They sat facing each other, eyes locked. Then Burgundy’s expression changed to grudging admiration. “Would that more Frenchmen had your attitude,” he mused. “We’d never be under Henry’s thu
mb in the first place.” He strode to the hearth, stood before the blaze. Firelight carved hollows in his cheeks, and worry pleated his brow. Sudden tenderness touched Lianna. Her uncle held a difficult position. Caught up in the madness and dissension between the princes royal of France, Jean had spoken for the common people in the Royal Council, made enemies of the nobles. Now, banished from Paris and opposed by the Armagnacs, he had apparently thrown in his lot with the English.
“Young Henry means to regain the throne of France,” said Jean. “He’s a man driven, at least in his own mind, by divine inspiration. His ambition knows no scruples. Not a man to defy heedlessly.”
“That may well be, Your Grace. But I will not cede Bois-Long to him. I’d be doing my king and my countrymen a great disservice if I were to relinquish the ford to Henry’s army.”
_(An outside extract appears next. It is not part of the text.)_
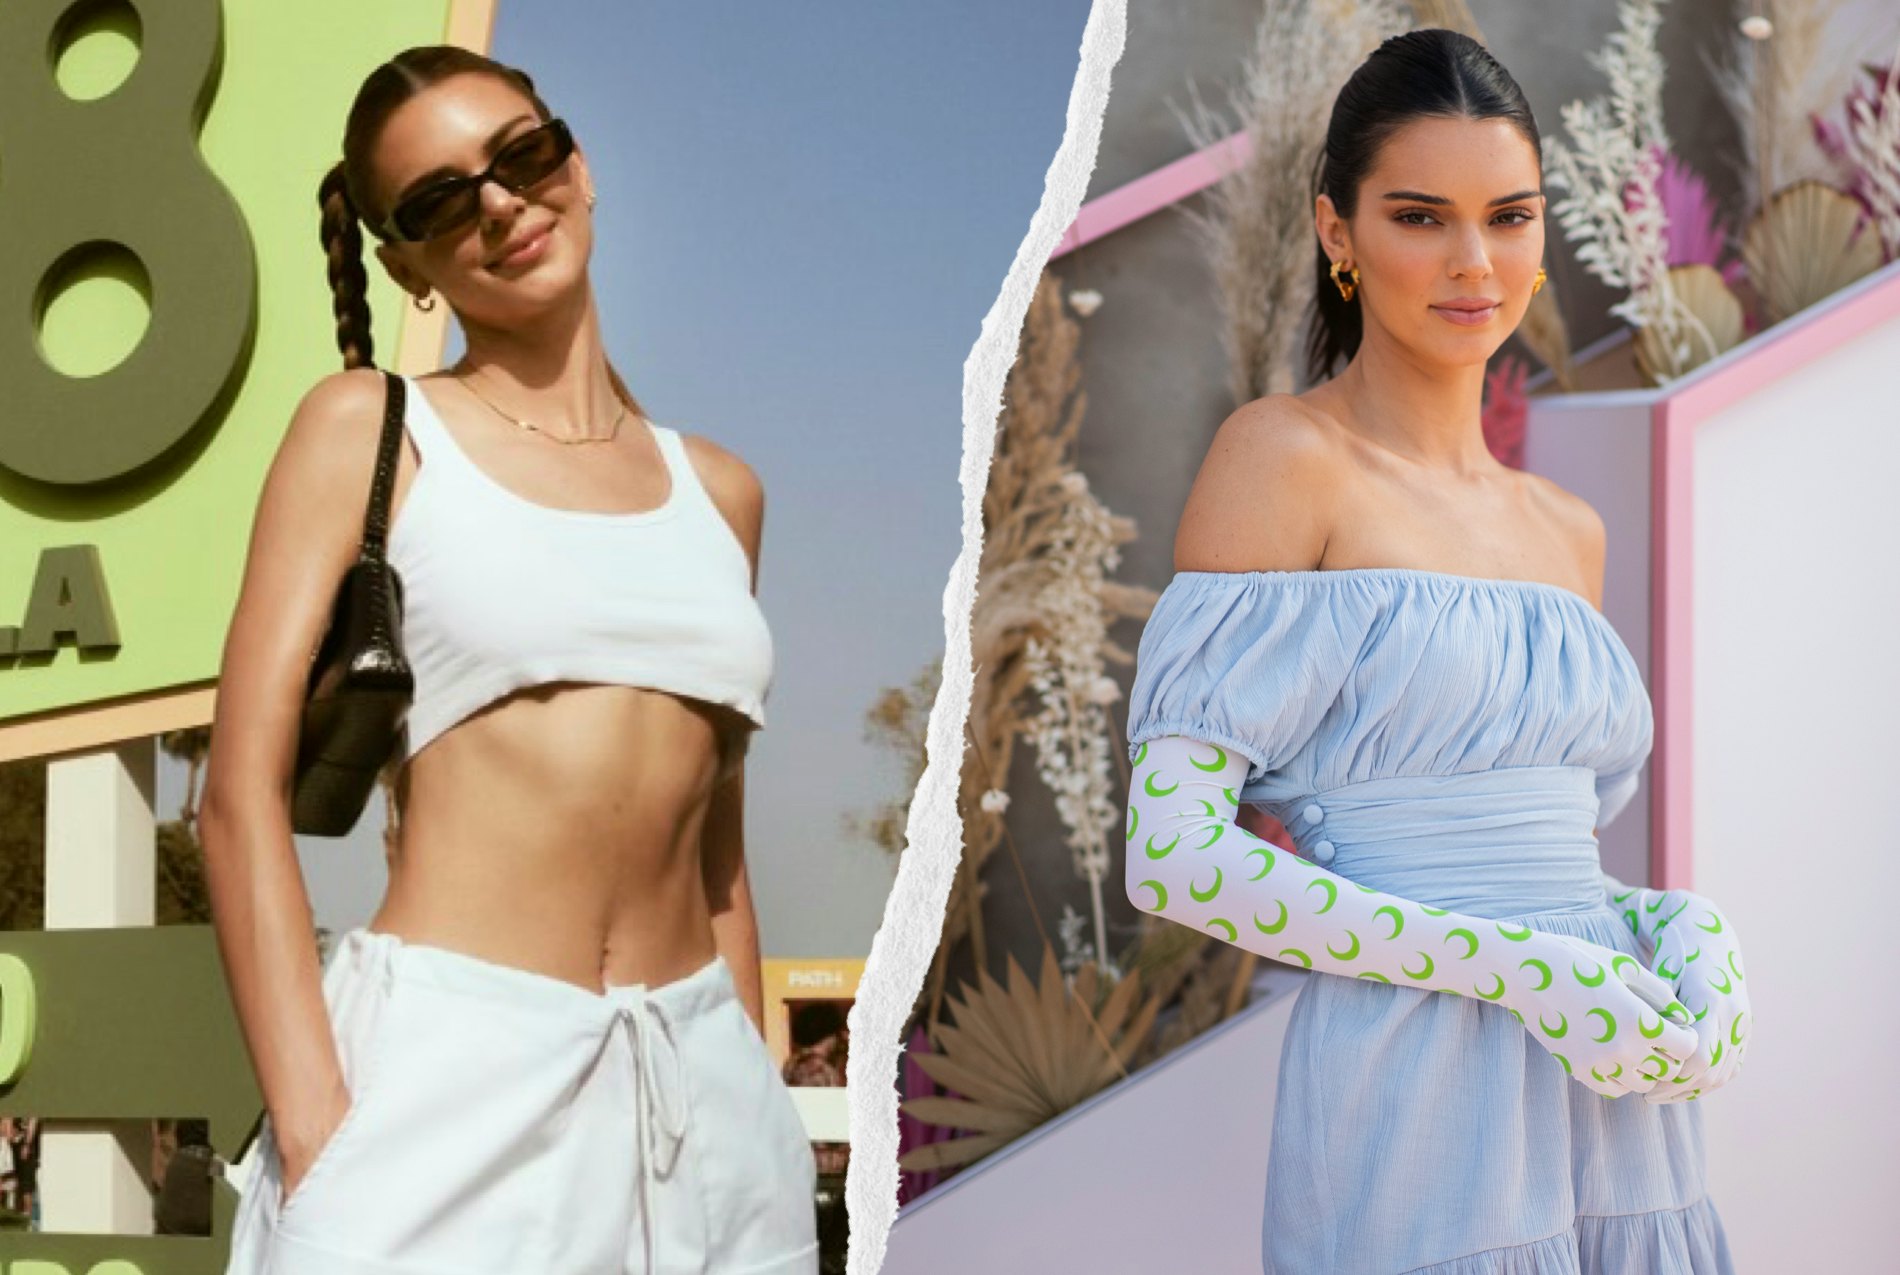 Kendall Jenner and I Agree: These Are the Most Flattering Black

“Your countrymen!” the duke spat. “Who are they, but a lot of quarreling children switching allegiance as capriciously as the winds over the Narrow Sea? France needs a strong guiding hand. Henry—”
“Is another English pretender,” Lianna snapped.
Burgundy sighed. “You may think you’ve thwarted him. Perhaps you have, for the time being. But Harry of Monmouth is too much like you for my comfort. He’s willful, intelligent, energetic.” Burgundy returned to his chair and sat in pensive silence. At length he asked, “What know you of Longwood?”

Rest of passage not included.